- [Exercise details]: When you transcribe the lines below, keep every word the same and leave the pictures behind.

- [Source material]:
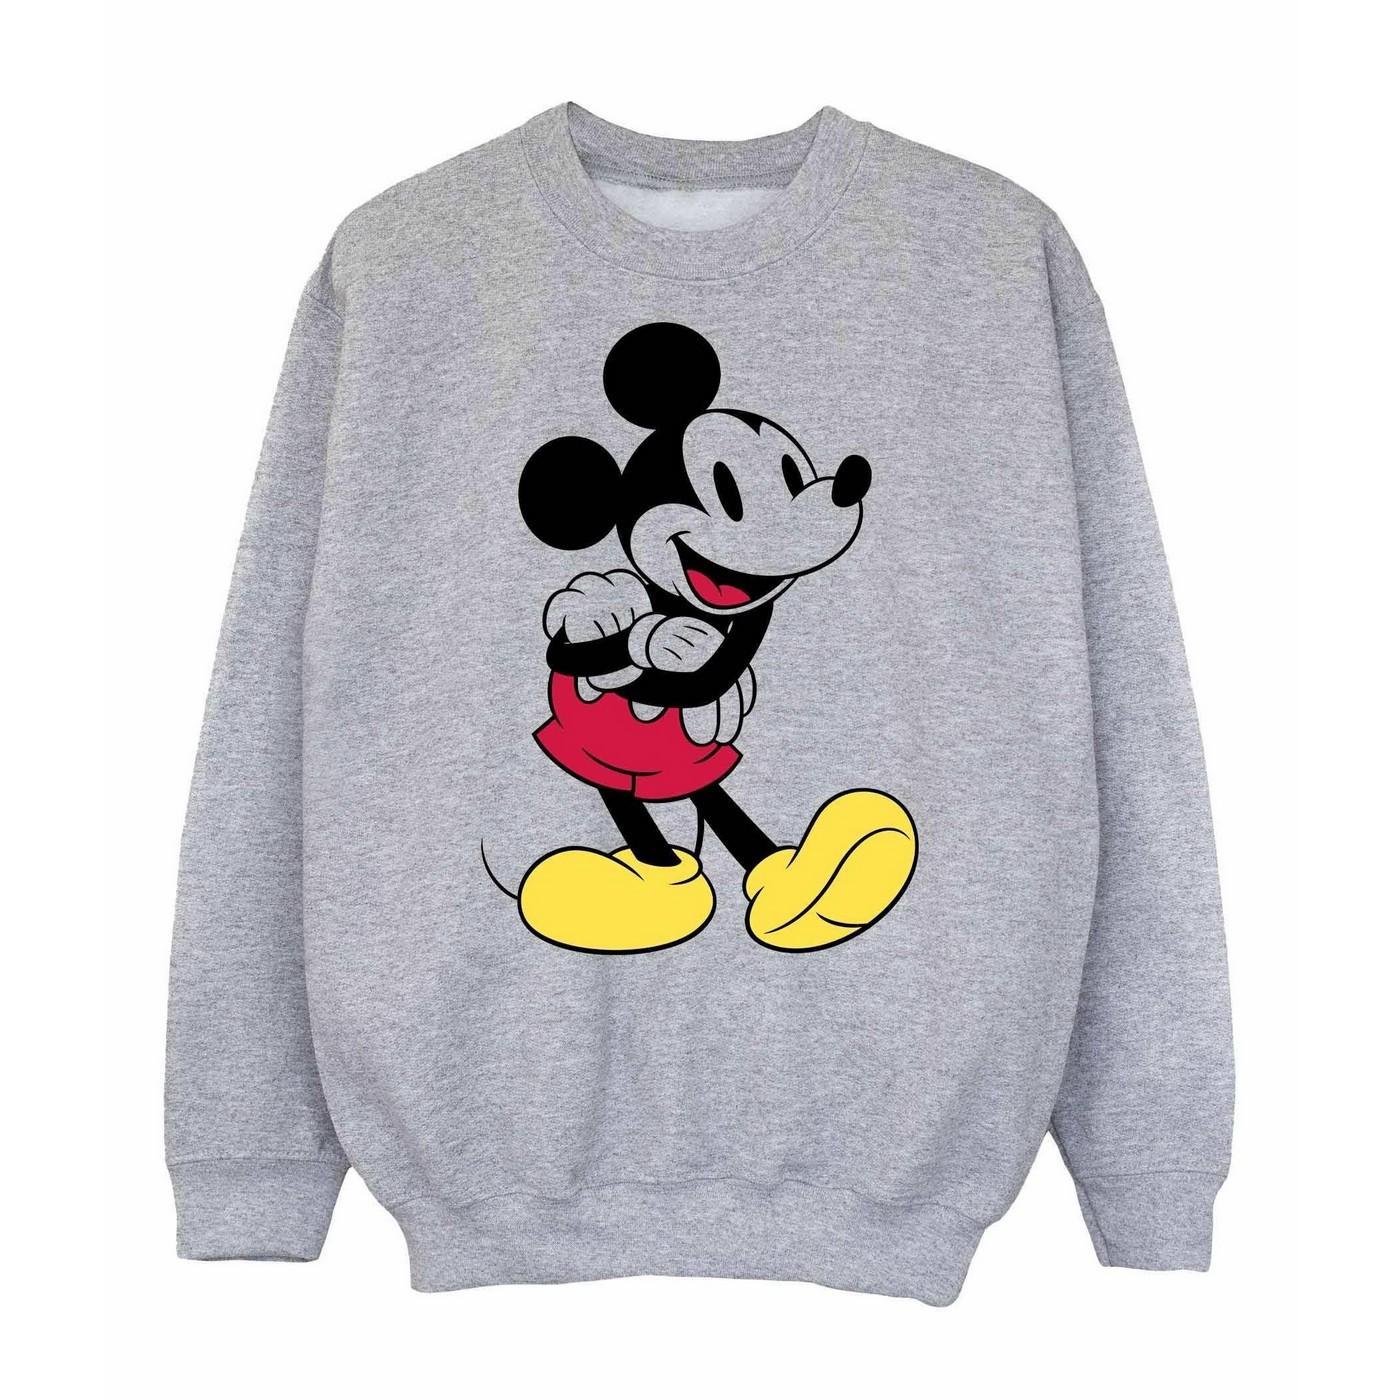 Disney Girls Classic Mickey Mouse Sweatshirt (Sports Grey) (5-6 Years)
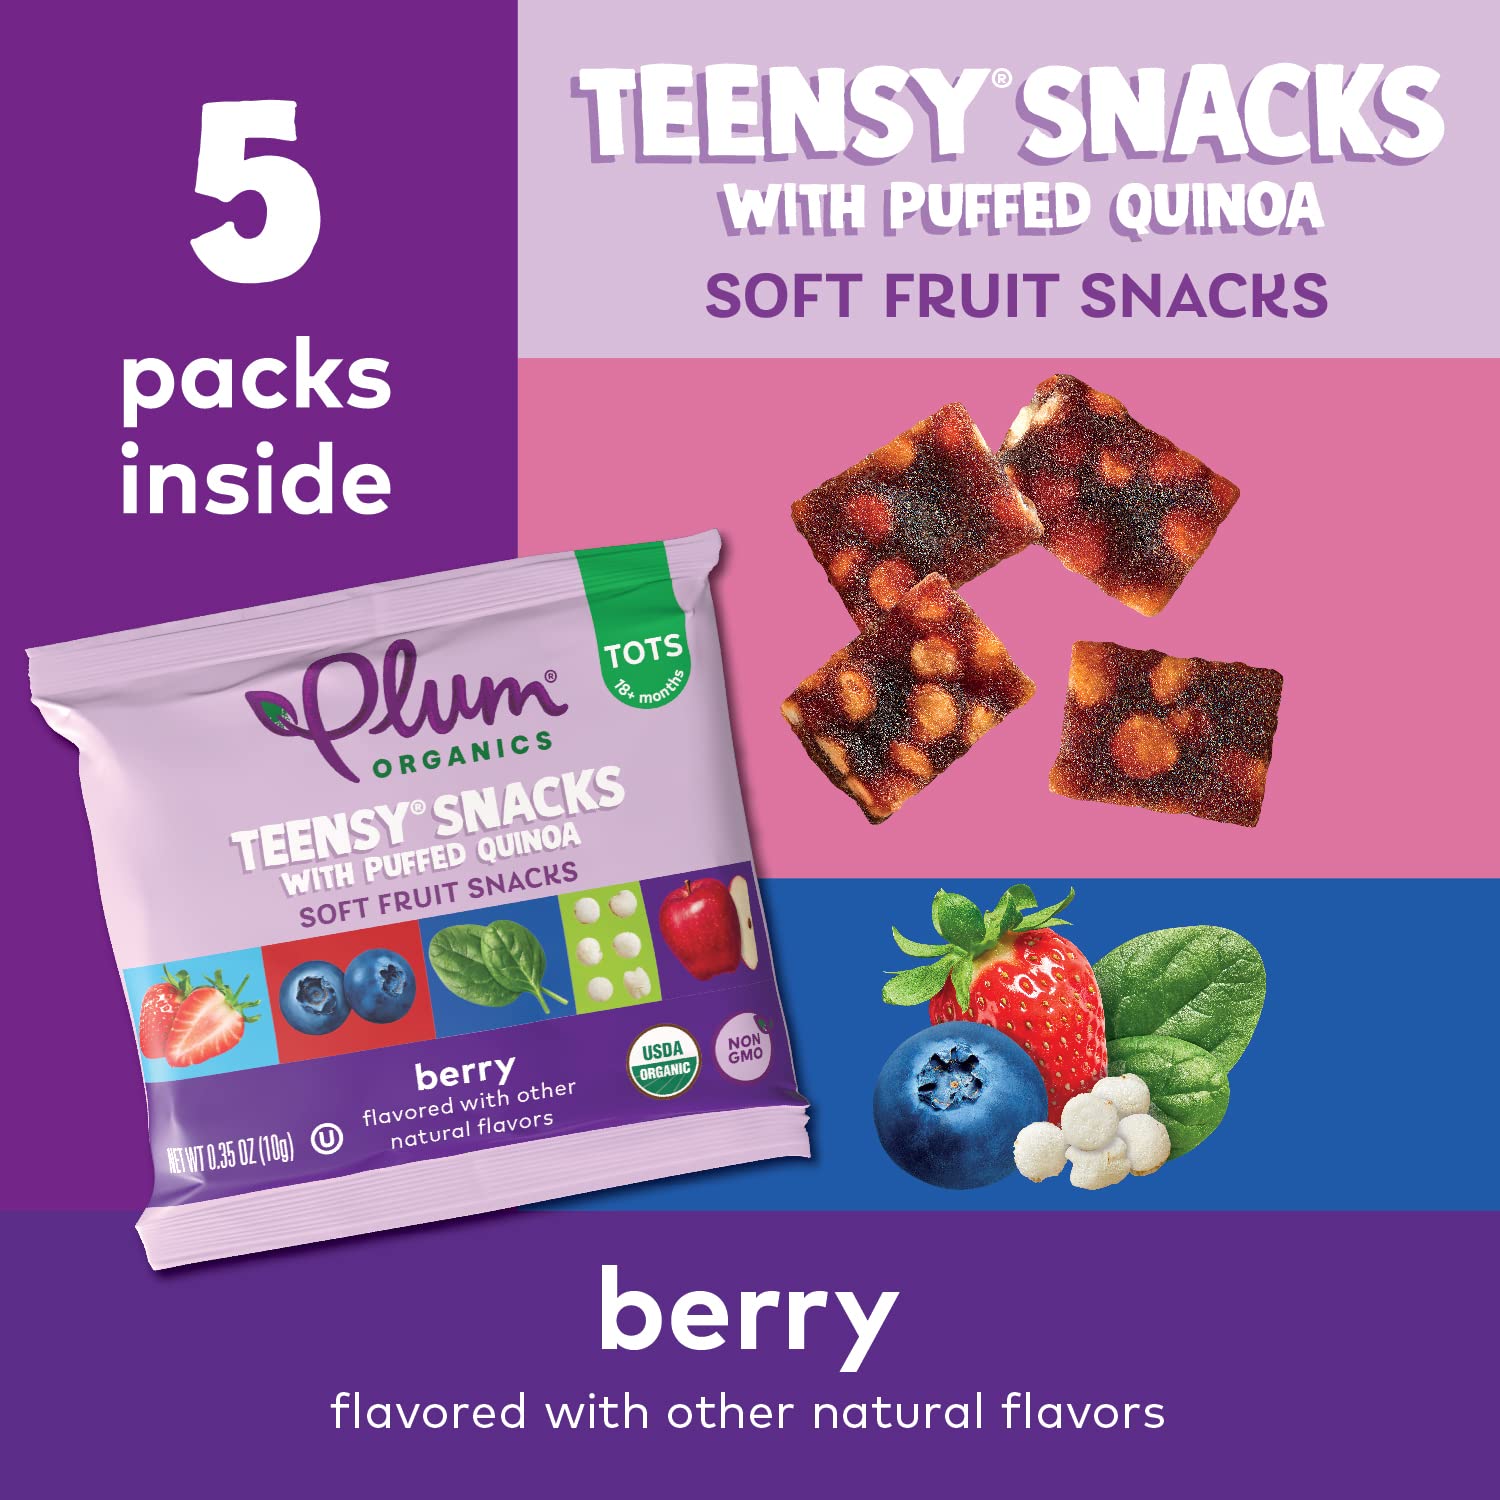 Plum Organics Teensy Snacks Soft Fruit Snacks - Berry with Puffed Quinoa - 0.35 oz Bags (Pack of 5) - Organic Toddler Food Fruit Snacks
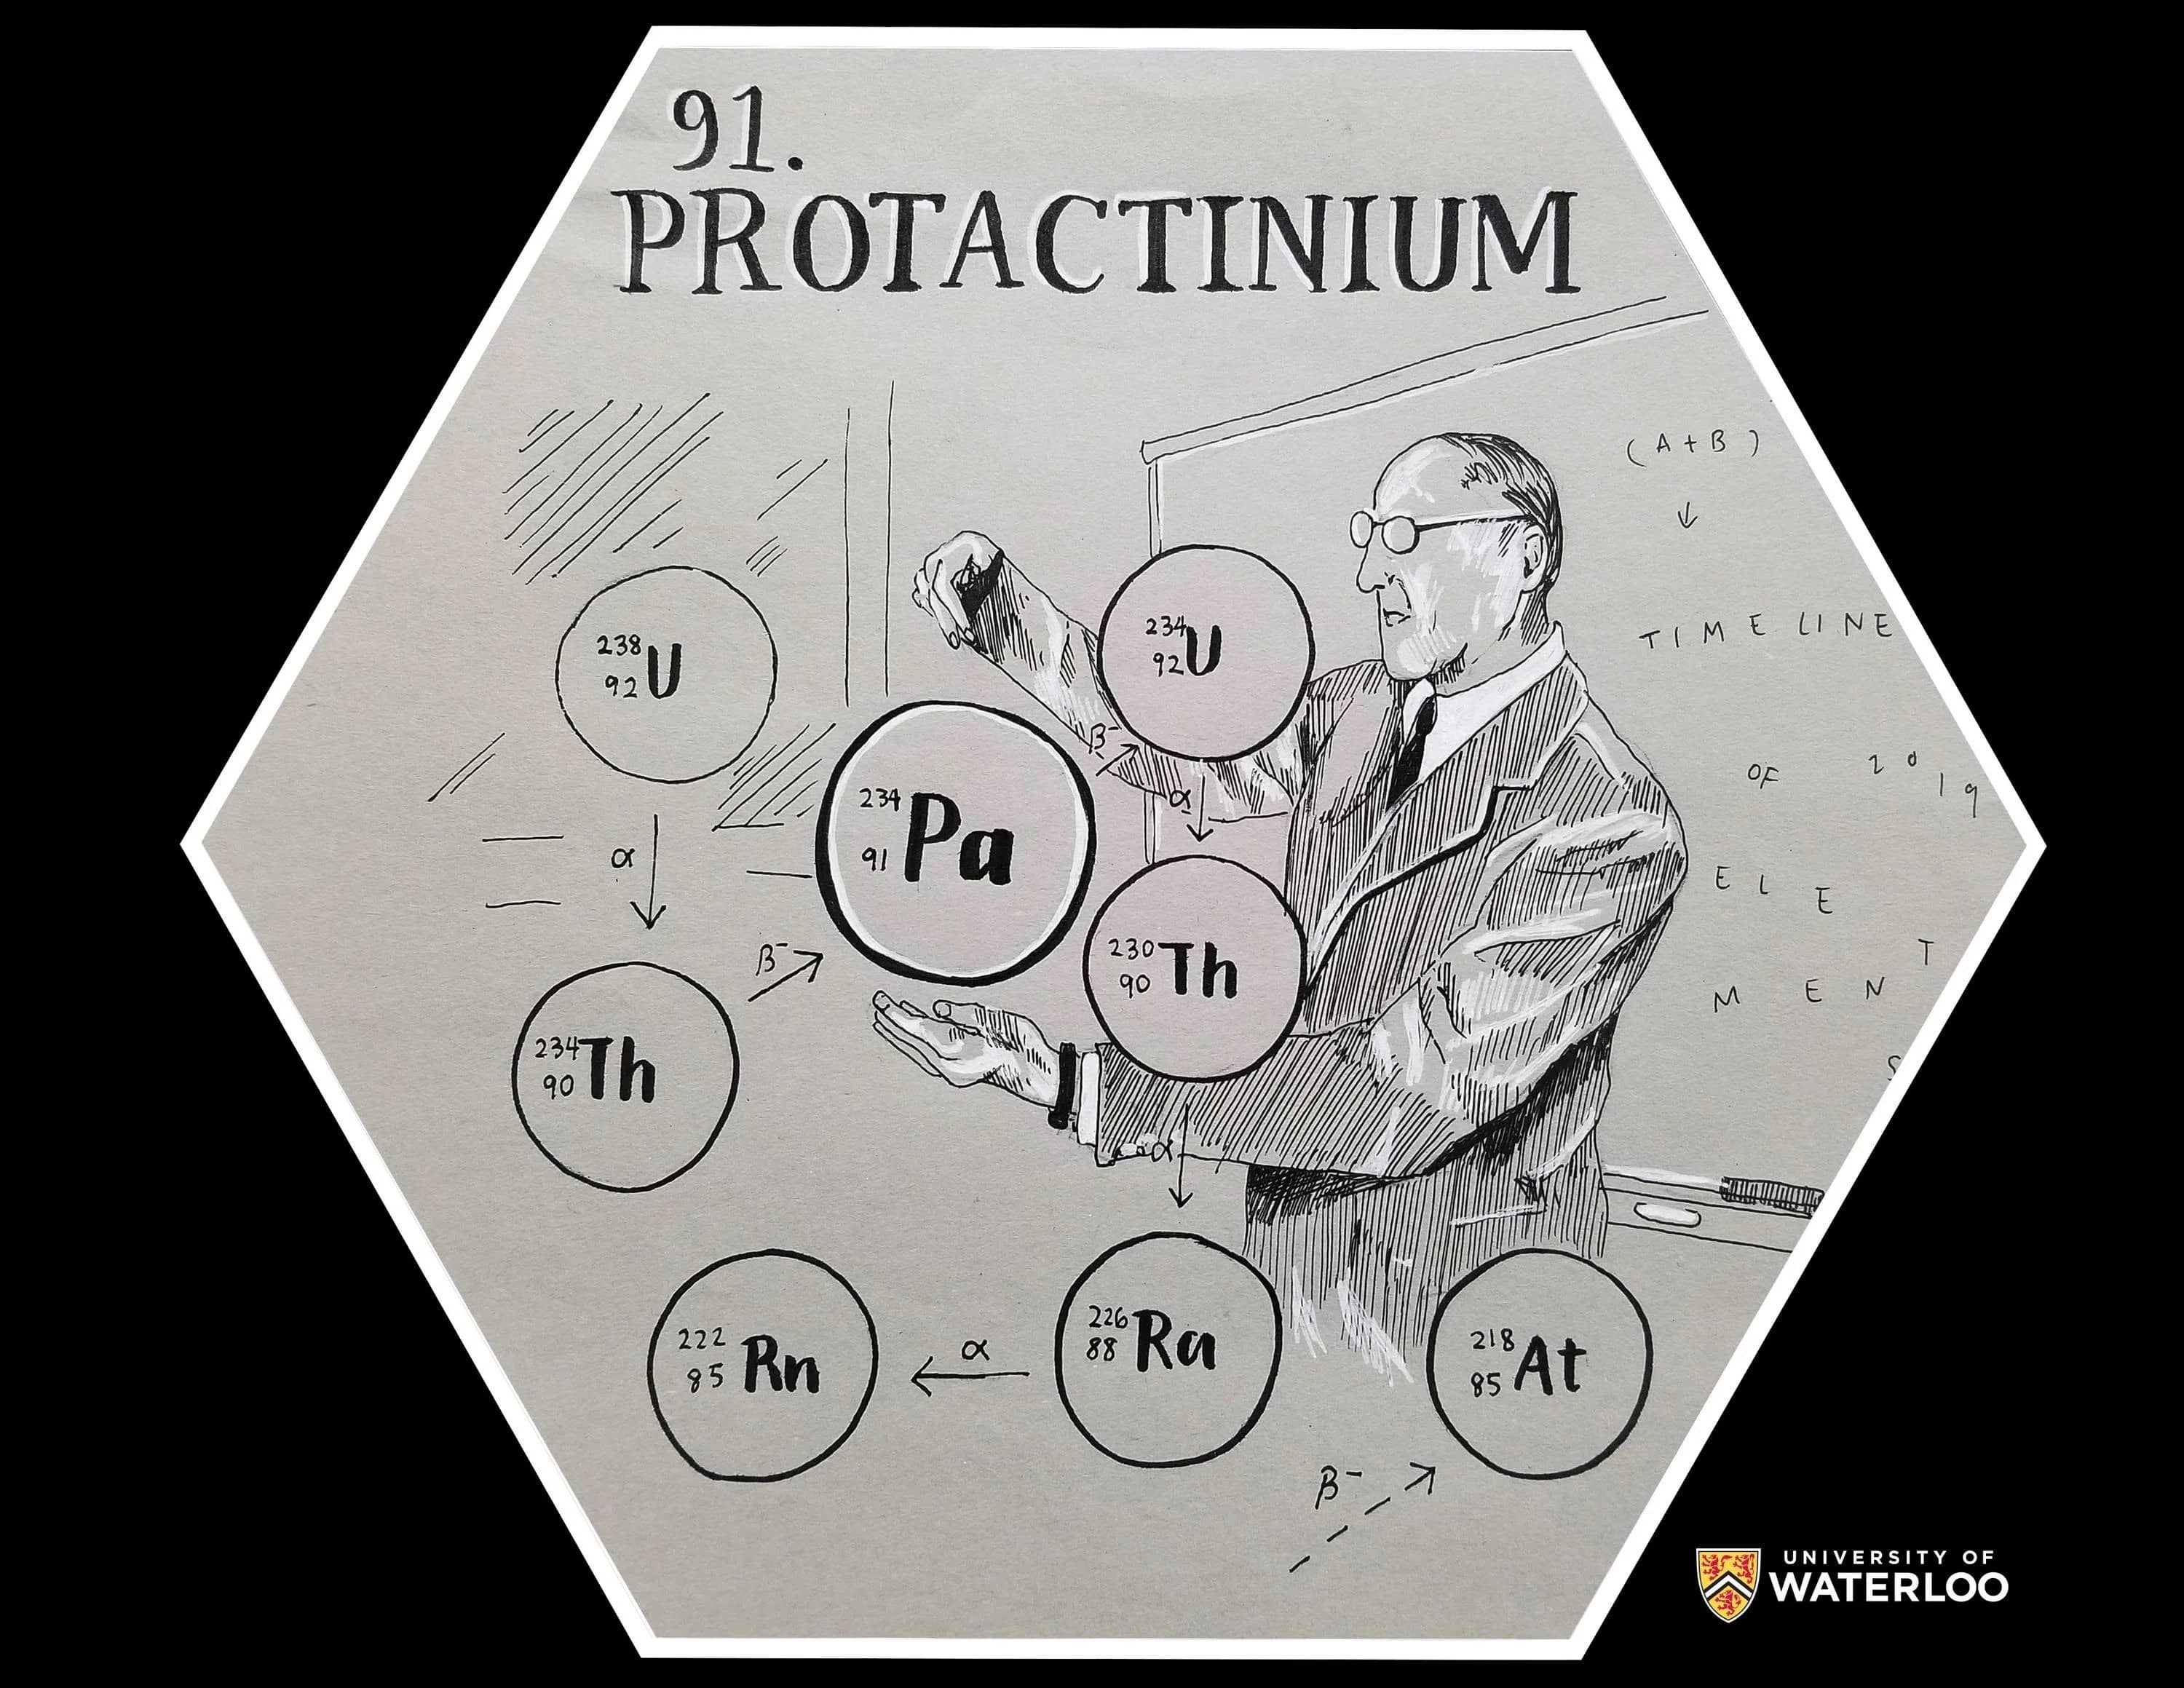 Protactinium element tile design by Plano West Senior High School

- [Result of this task]:
 Disney Girls Classic Mickey Mouse Sweatshirt (Sports Grey) (5-6 Years)
 Plum Organics Teensy Snacks Soft Fruit Snacks - Berry with Puffed Quinoa - 0.35 oz Bags (Pack of 5) - Organic Toddler Food Fruit Snacks
 Protactinium element tile design by Plano West Senior High School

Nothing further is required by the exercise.